App Store policy prevents you from using a competing payment processor or makes it extremely awkward to do so, so competition is squashed.

sure you could design your own competing ecosystem from scratch, but that would take billions in capital, and is completely out of reach of even the largest app developers (besides those that are trying to establish similar monopolies).

a principled boycott of Apple appears unlikely to get off the ground.

now Apple won’t send the canonical men with guns to your house if you refuse to pay: they don’t have to! they deduct their cut before they pay you! so no force is involved and it’s entirely okay, right? bleurgh.

I mean, I can understand the voluntary/nonvoluntary distinction not mattering to you, but surely you can see that there is a distinction there? I don’t have to participate in Apple’s market or buy their phones.

Considering the sheer number of companies that you need to interact with that are switching to this model, not really.

All phone companies do this and you can’t honestly opt out of cell phones these days.

I mean on a factual level I think you’re wrong here, I have a flip phone and many Android phones allow you to install whatever apps you want from whatever source.

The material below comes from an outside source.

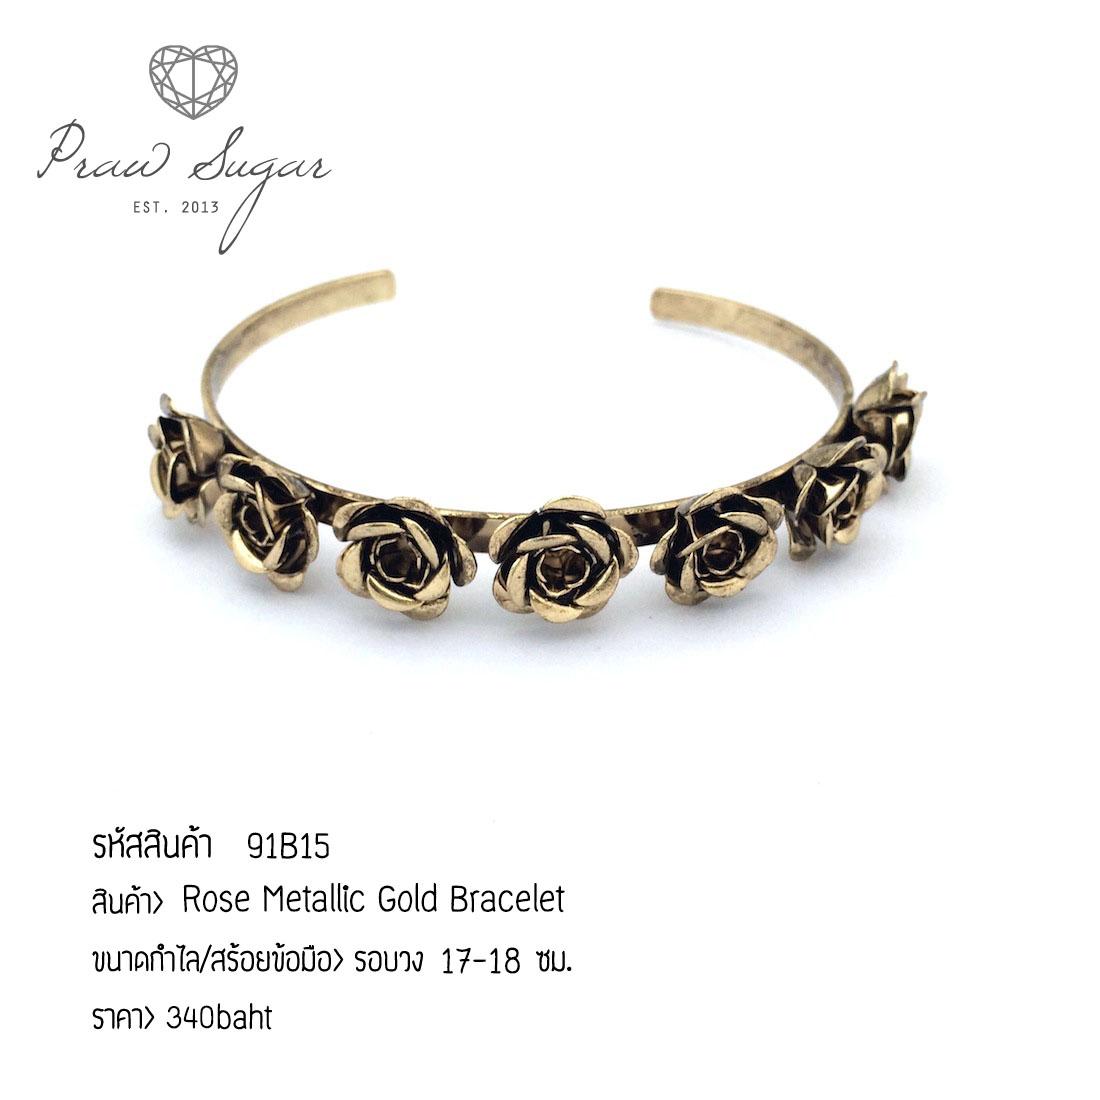 Rose Metallic Gold Bracelet

But setting that aside, and reiterating that I can understand why this distinction isn’t important to you especially given the huge startup costs, do you really not see a distinction between the case where you won’t go to jail if you use an alternative and one where you will?

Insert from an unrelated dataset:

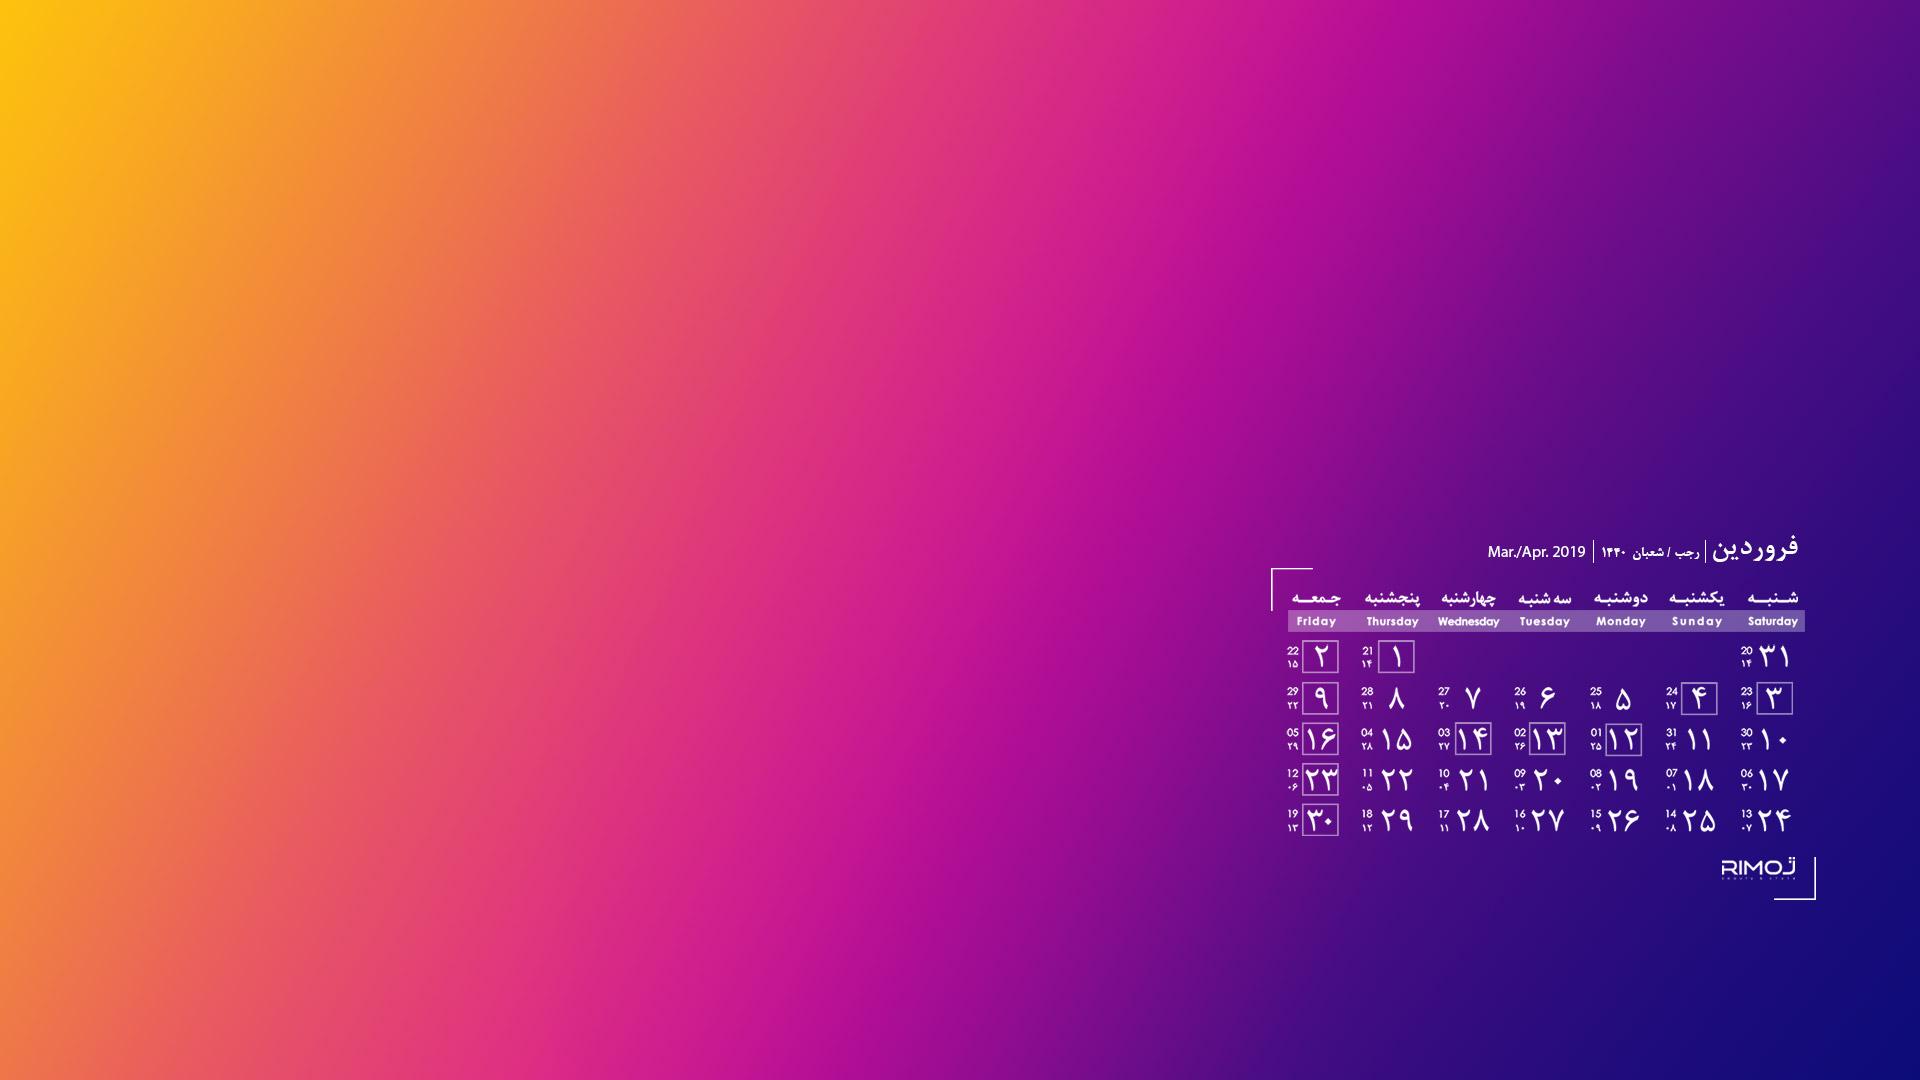 دانلود تقویم ۱۳۹۸ به صورت تصویر پس زمینه برای کامپیوتر

To some minor extent? But like that’s just one example. Not even the best one.

But to give a better example of why I don’t sees meaningful distinction between taxes and private companies providing services that are necessary: You would die if you could not eat food, and that is pretty much impossible for the average person to acquire without paying for it in any practical way. Dying is very equivalent to legal ramifications from not paying taxes.

Maybe you can live without a phone (although you cannot get a job without phone service or a address in most cases, and those do need money, so I think that’s super debatable) but there’s plenty of other things you need to survive that you do have to pay more for, and why aren’t those just as coercive?

The distinction here is not whether you can forgo the service altogether, but whether you can use or create an alternative without risking imprisonment. I can go to Walmart, or Target, or plant in my yard to get food. I can’t set up my own home market and not pay income tax on what I make.

Again, it’s a reasonable stance to say that this difference doesn’t actually matter that much. Especially in cases where creating an alternative is impossible due to lack of resources and no meaningful alternatives already exist. But I still think there is a difference between “you can’t choose differently because you don’t have the resources to set up a different choice” and “you can’t choose differently because if you do you will go to jail”, even if that difference is often irrelevant to any given political analysis.

Also, intellectual property monopolies etc. are helping a lot of those rentseekers. The costs of creating alternatives are artificially high because the companies can send PoliceMob to hunt down those who don’t respect patents and other such silly things.

And telecoms in most western countries are incredibly regulated with excessive barriers to entry; Romania has some of the best internet in the world thanks to its anarchistic origins and Somalia seems to have way more competition (and probably better customer experience too) in telecoms than the US. If it was easy enough, you would most likely have a free-as-in-speech alternative for your phone service. It might not have the same UX as corp alternatives that can extract maximum money to maintain their services (eg. a macbook is a lot easier to deal with than a custom linux laptop), but I’d be highly surprised if it didn’t exist.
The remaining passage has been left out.